▶ [Data excerpt]:
******************************

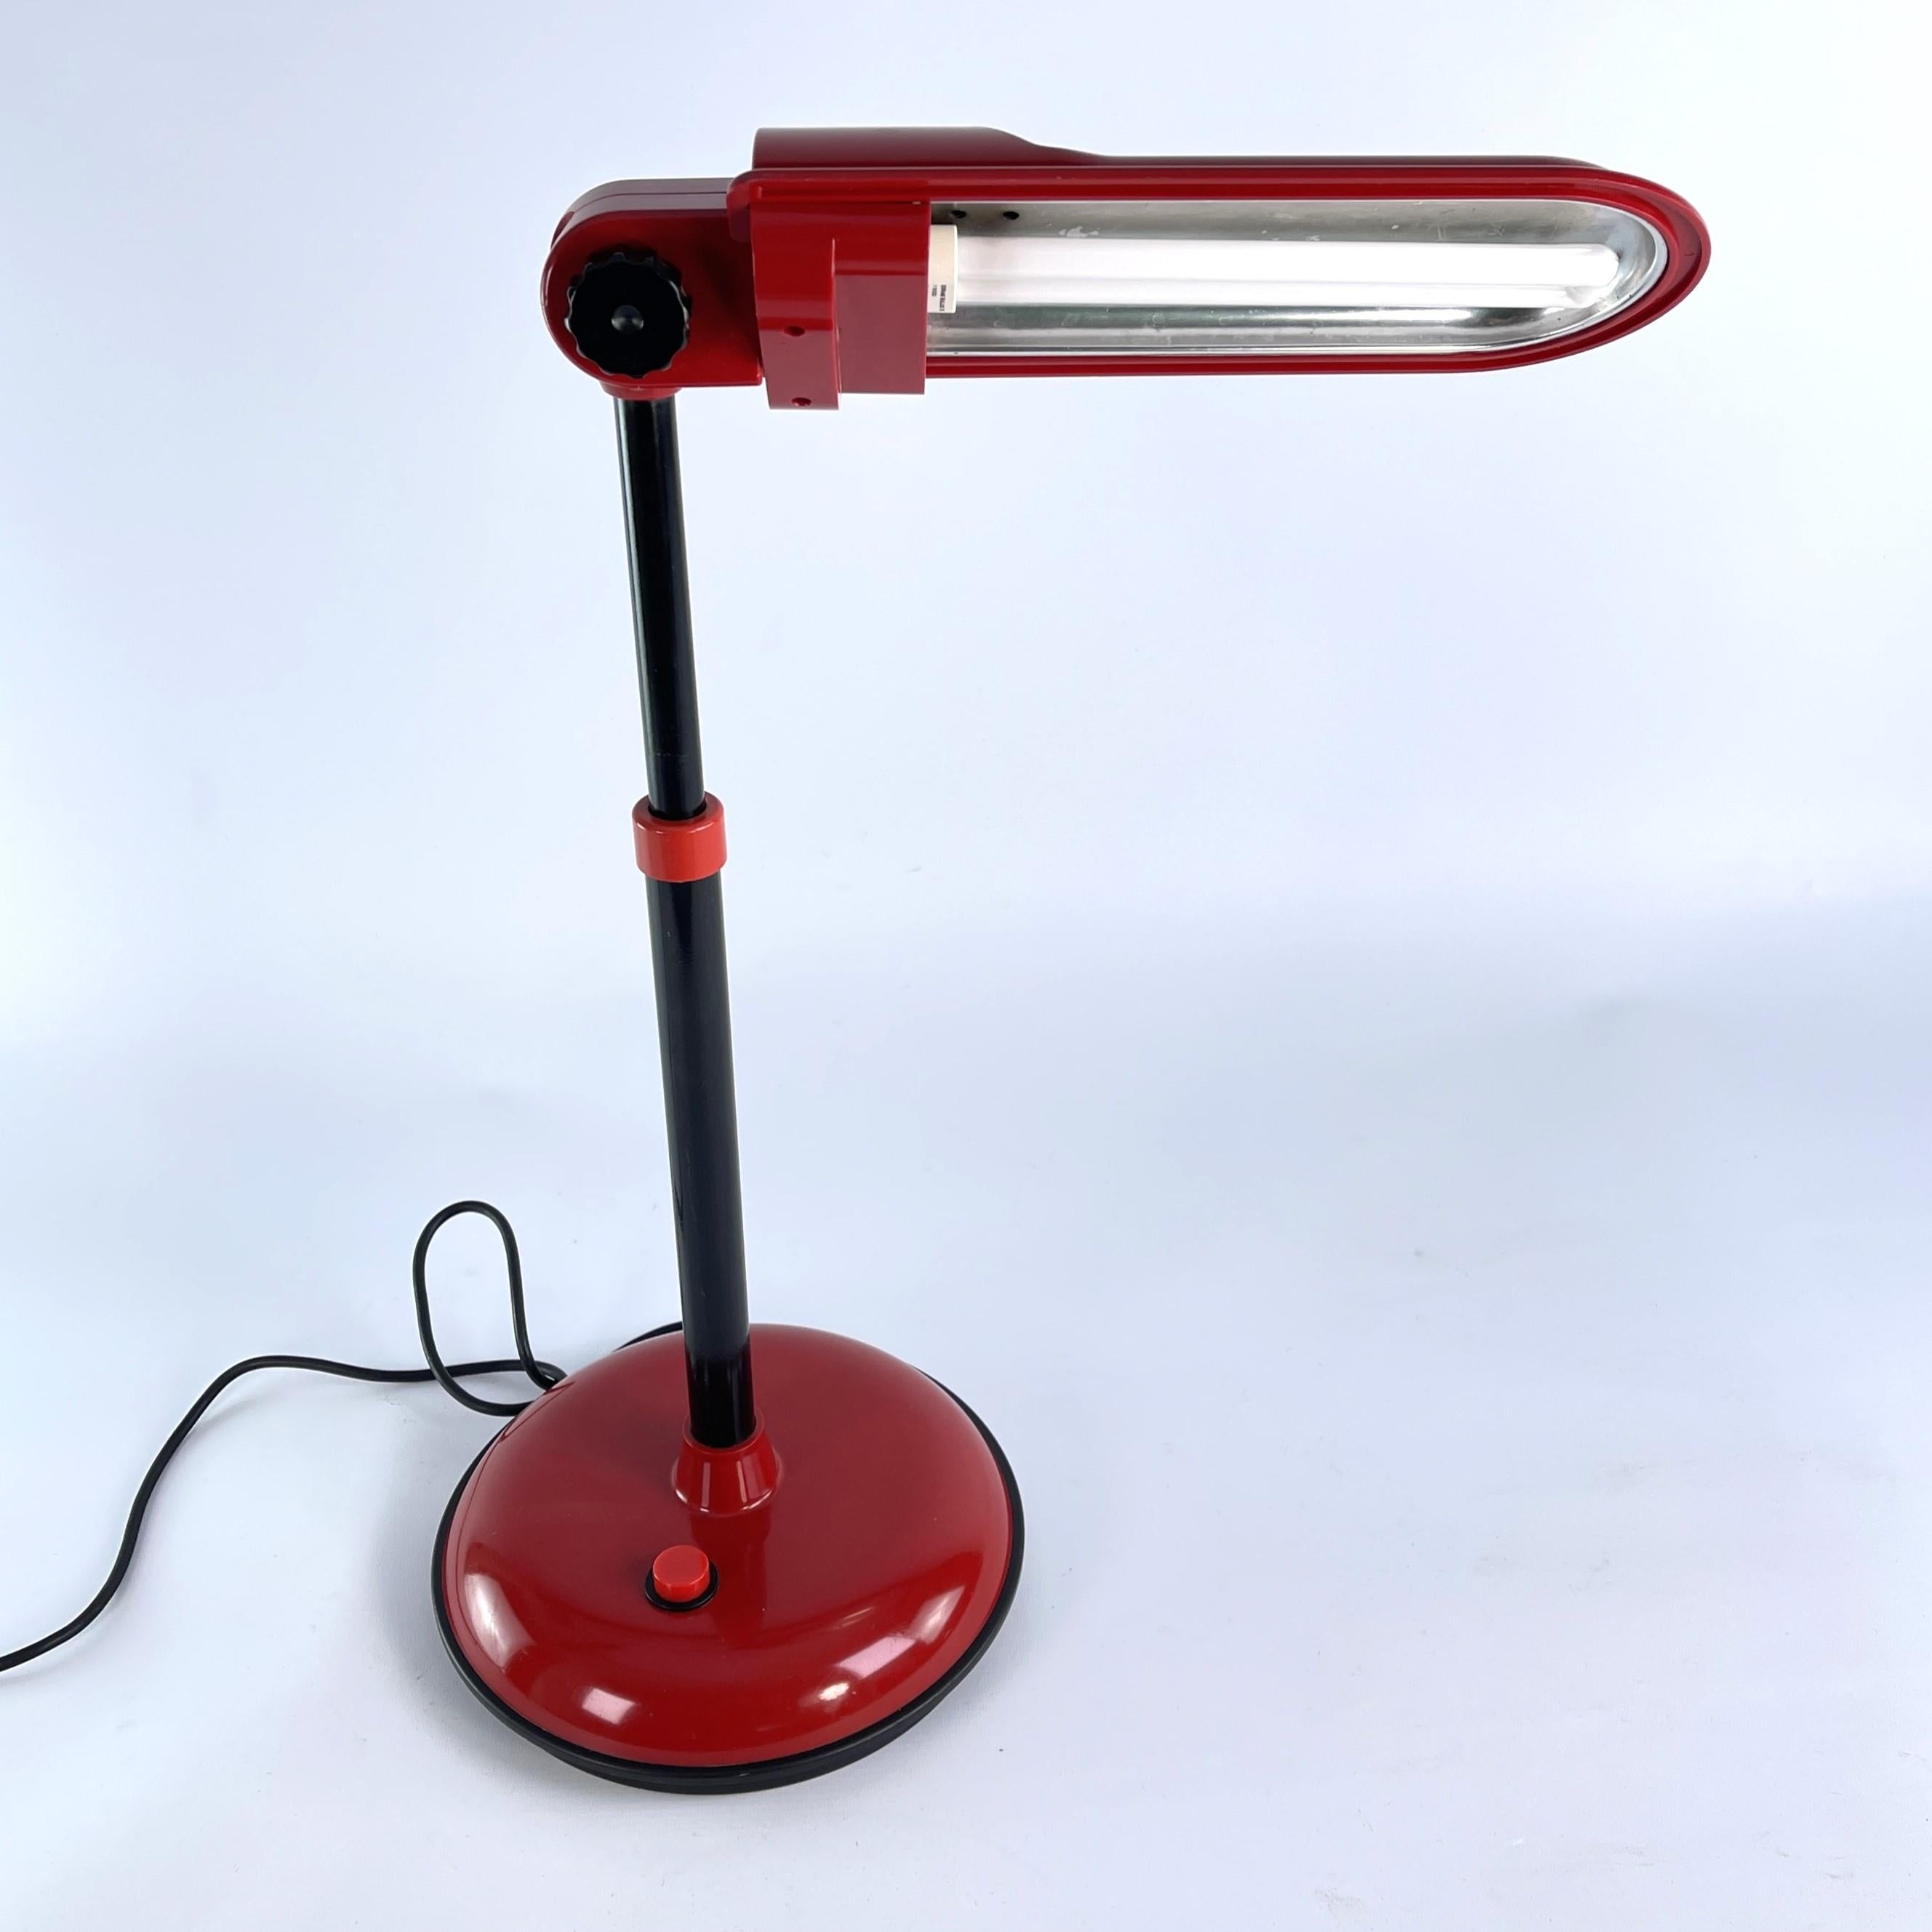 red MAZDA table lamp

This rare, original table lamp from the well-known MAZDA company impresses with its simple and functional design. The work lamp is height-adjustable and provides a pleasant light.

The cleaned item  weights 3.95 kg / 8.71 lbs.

******************************

▶ [Exercise instructions]:
Pictures do not belong in the copy. Reproduce the rest of the data exactly.

▶ [Exercise solution]:
 red MAZDA table lamp

This rare, original table lamp from the well-known MAZDA company impresses with its simple and functional design. The work lamp is height-adjustable and provides a pleasant light.

The cleaned item  weights 3.95 kg / 8.71 lbs.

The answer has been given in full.